Nanomaterial design and discovery: There is tremendous interest in achieving tunable synthesis of nanomaterials due to their utility in fields spanning quantum computing, catalysis, energy, drug delivery, national security, and more. Shock-compression methods are particularly attractive for nanocarbon synthesis since they can produce products extremely rapidly and enable access to exotic allotropes. However, they remain far from tunable due to the limited understanding of the governing phenomena resulting from difficulties of driving materials from ambient to extreme conditions and observing the rapid, reaction-driven, and multiscaled system evolution. To circumvent these challenges, our group develops and applies advanced simulation approaches enabling an otherwise inaccessible atomistically resolved view of ensuing phenomena.
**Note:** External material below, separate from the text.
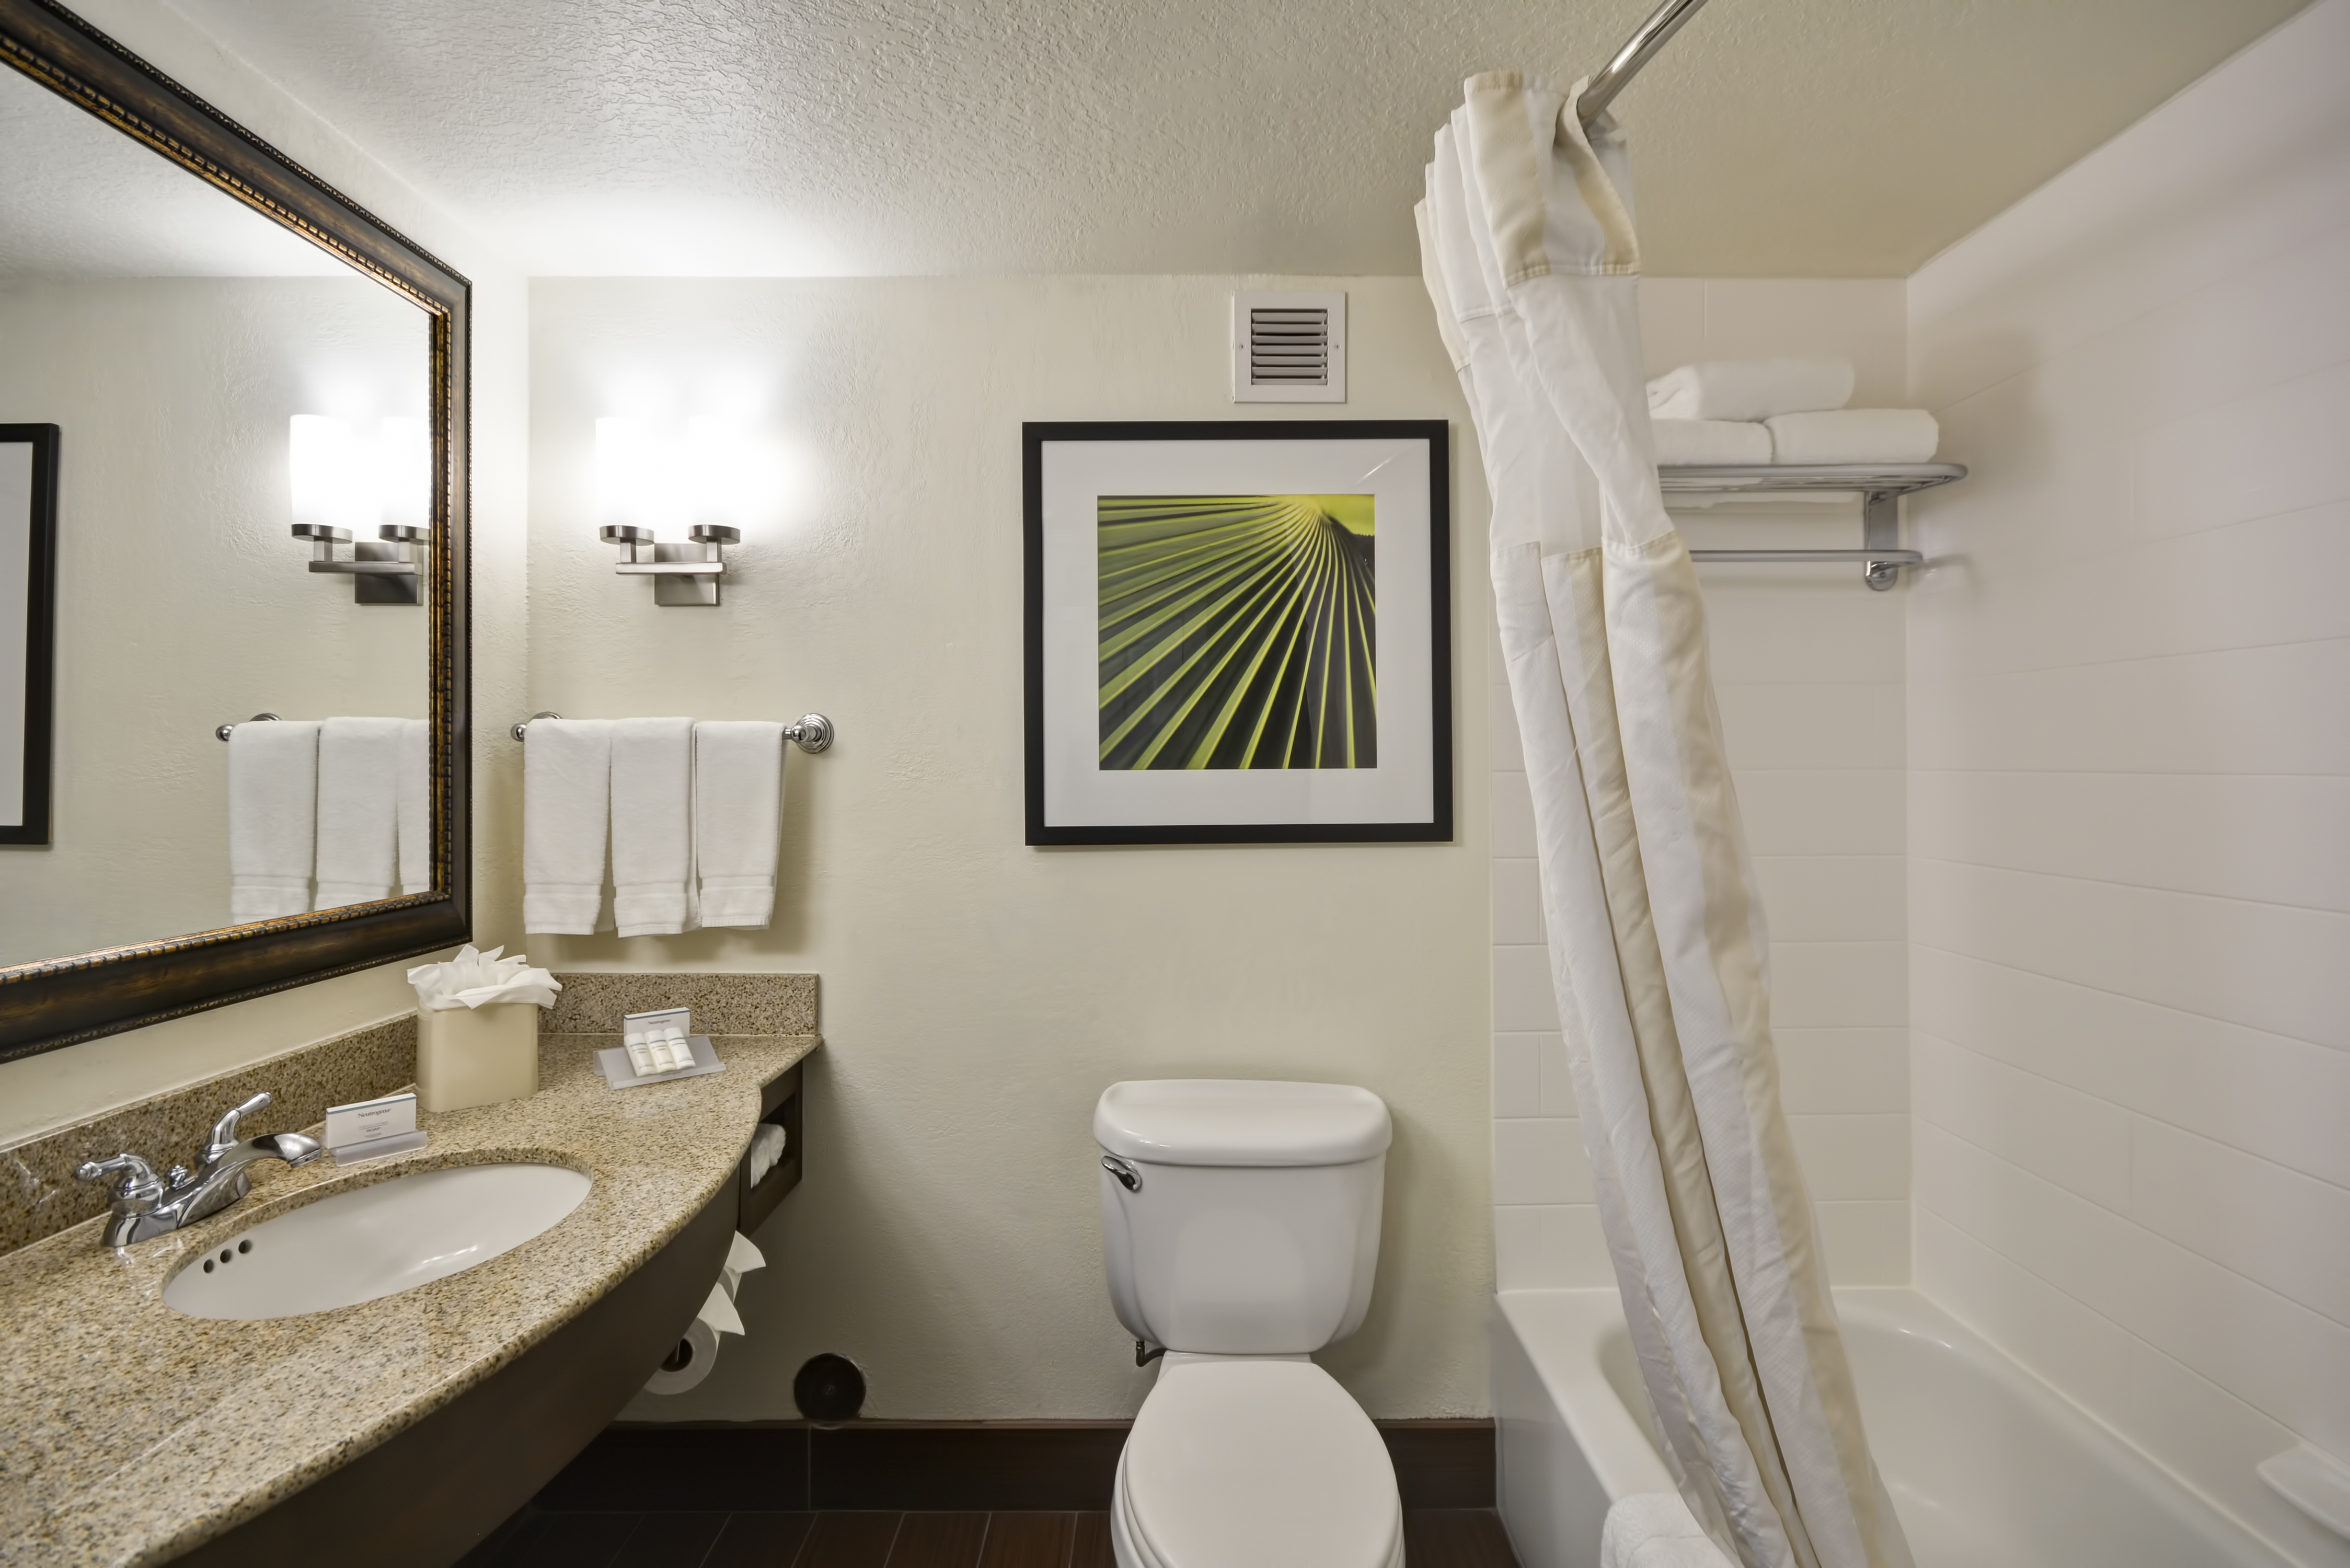 Large Vanity Mirror, Sink, Towels, Toiletries, Wall Art Above Toilet, and Tub in Standard Bathroom

Using these methods, we aim to establishing rational design principles and tools for tunable shock-synthesis of next generation nanocarbon materials.
Machine Learning and Data Science: Atomistic simulations can be a powerful tool for generating scientific insights, guiding, and aiding in interpretation of experiments, and generating input for larger scale, lower resolution simulations (e.g., continuum modeling), but they rely on availability of suitable interatomic models. Atomistic simulations have historically struggled to describe chemistry in condensed phase and inherently multiscaled systems (i.e., those central to H-storage system design, sorbent optimization, heterogenous catalysis, etc.), since they necessitate both the accuracy of quantum-mechanics and computational efficiency of relatively simple molecular mechanics models. To bridge this capability gap, our group develops AI-driven simulation tools enabling agile generation of robust machine-learned interatomic models for quantum-accurate reactive simulation on unprecedented scales. Our group also develops machine learning tools to aid in interpretation of large experimental datasets and to develop material diagnostic and performance models from them.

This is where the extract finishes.